How about Greg Blonder's article in Wired back around 1995, predicting that by 2088 computers would be more "intelligent" than humans and we would become extinct (

http://www.wired.com/wired/archive/3.03/blonder.if.html)? And others have written on this subject years before that.

By 2088 (or eariler), our machines may very well be a combination of silicon and biological elements. The problem will not be one of machines achieving parity with humans, but of what happens as they continue to advance past that point, following whatever version of Moore's law holds true at that time.

This scenario assumes that there are no major world events that upset the orderly progression. Of course, this is highly unlikely! We may have a third world war, get hit by an asteroid, suffer some great disease (manufactured through biological experimentation?) or otherwise find a way to exterminate ourselves and our technology. Perhaps out future will be something like what was depicted in the Terminator movies. Or maybe modern Luddite's will take over and technolgy will be destroyed.
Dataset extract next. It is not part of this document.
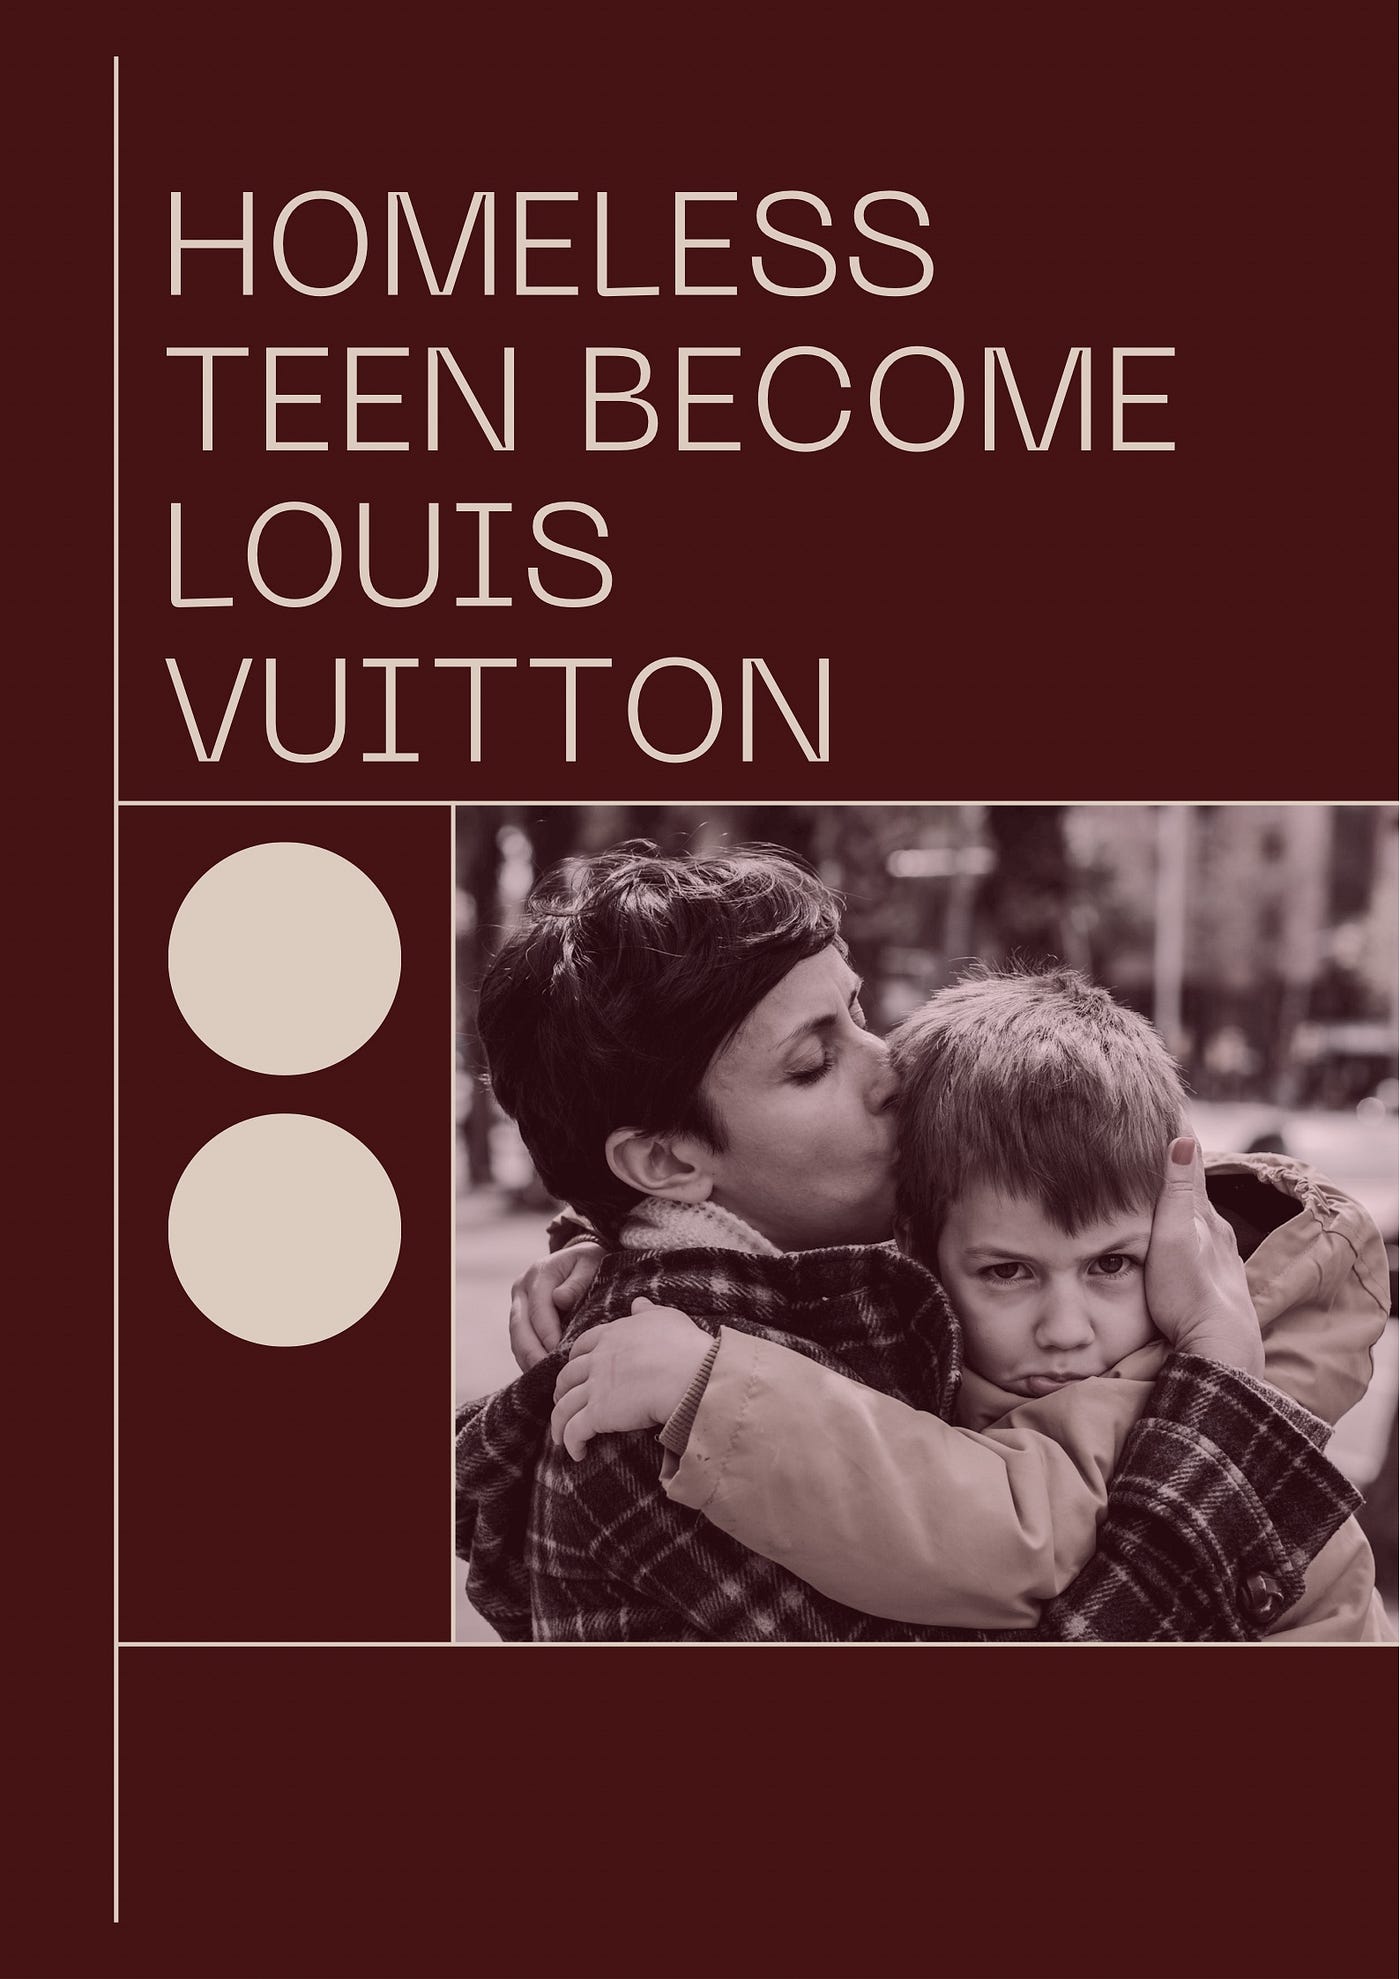 How a homeless teen created a Louis Vuitton, by Puneet kaur
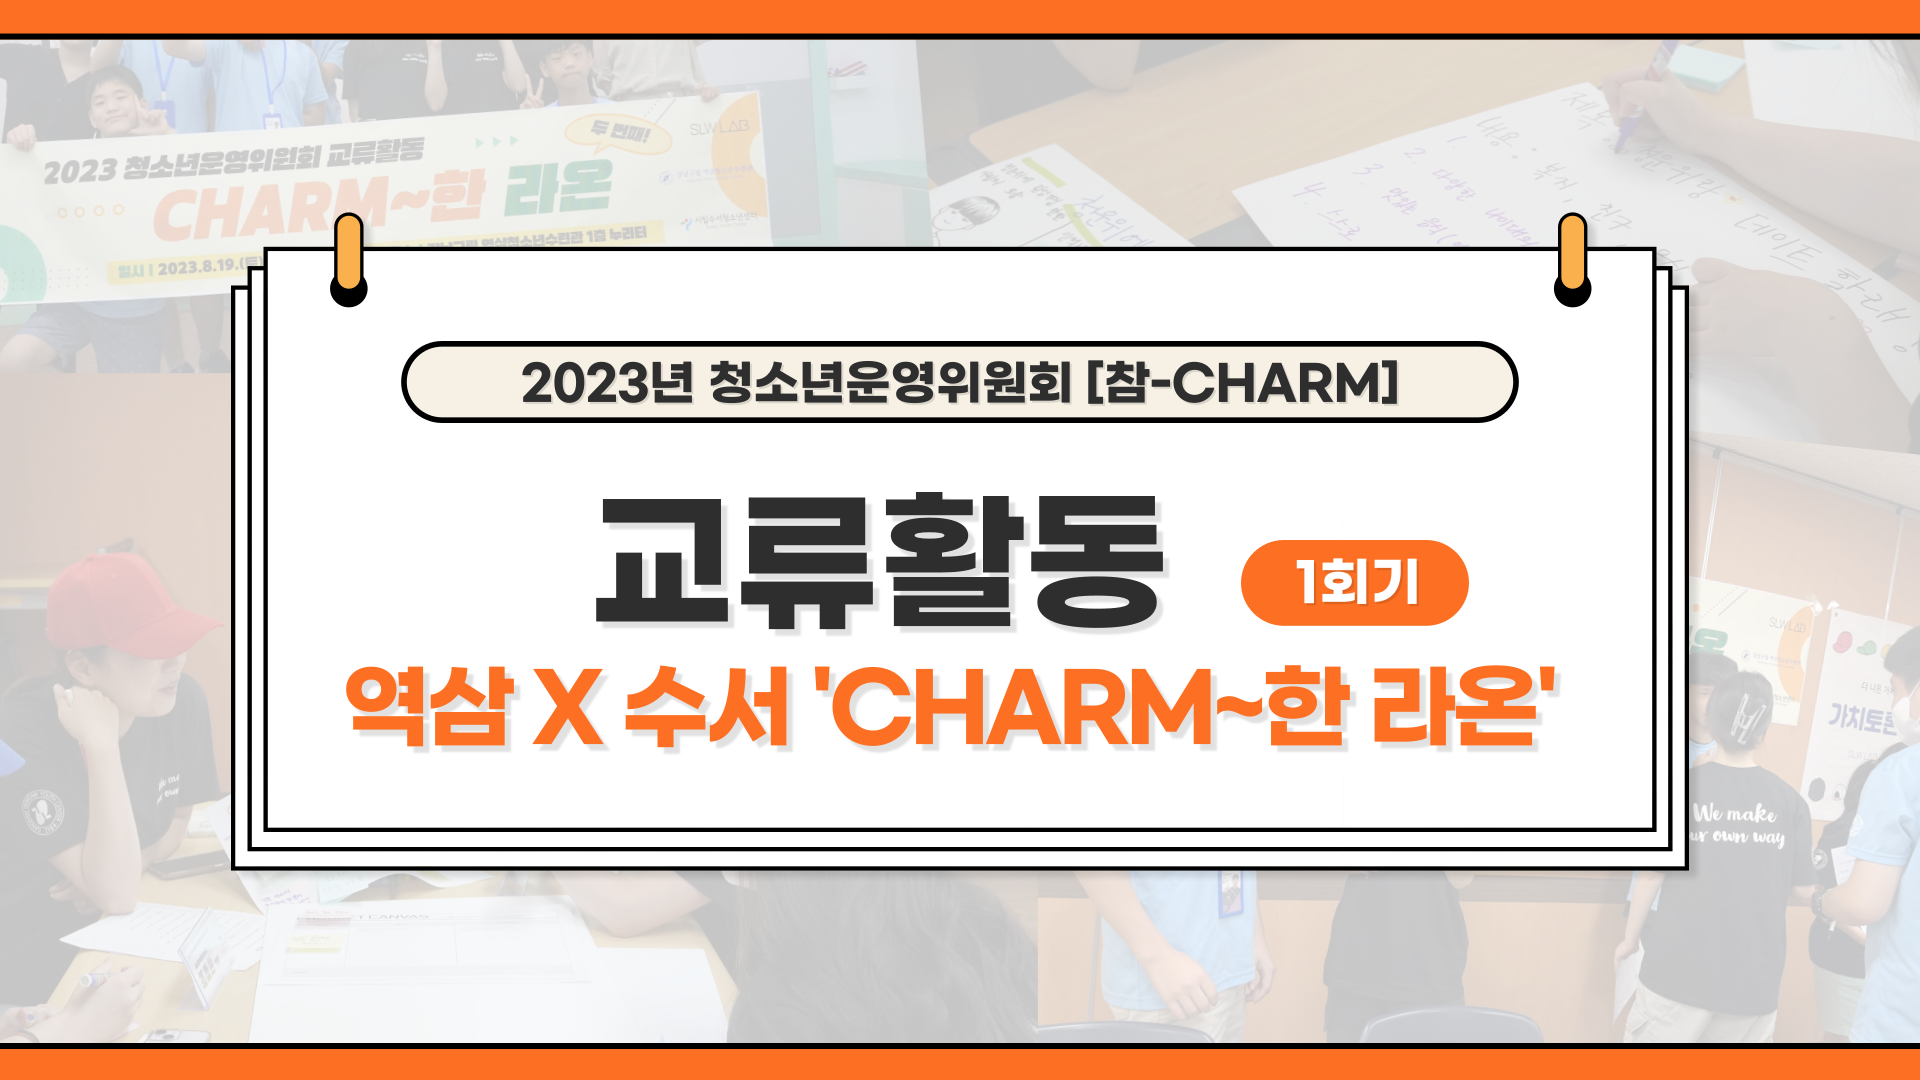 2023년 청소년운영위원회 교류활동 [CHARM~한 라온] (1회기)

Then again, the future might well be like that depicted in Jack Williamson's science fiction book titled The Humanoids (1949) & the sequel The Humanoid Touch (1980?). In these books, "benevolent" robots have spread throughout the universe to serve humankind and "protect" us from ANY potential danger whatsoever (like crossing a street alone, playing sports, etc.). But in reality, what they have done is to sap humans of all that makes us human. Very scary indeed.

----------------------------------
[Reply] With the increasing computer power available, it is inevitable that we will soon be able to begin producing robots that finally do act like what has been imagined and talked about for the last 50 years or so. I'm talking about true robots that can move around and react dynamically to changing situations. These robots will initially be used to replace lower-level blue collar workers first, since the tasks they perform are essentially redundant and therefore easier to program. Imagine replacing the US Post Service delivery people with robots. Perhaps an electric car with an arm that extended out to insert mail into a mail box? How about a window washer robot? Maybe a Safeway supermarket clerk robot? Or a janitor robot? The problem society will face is a further division of the "haves" vs. the "have-nots".

For in this scenario, the have-not's will be the lower economic workers, not always but typically those with a lower IQ potential. What might happen with the disatisfied "have-not's" lolling around on government welfare while the other part of society works long weeks in productive endeavors? Do you think the Luddite's were the higher intelligence members of their time? With a many people people out of work, one might want to seriously consider the possibility of another Luddite revolution to destroy "the machines".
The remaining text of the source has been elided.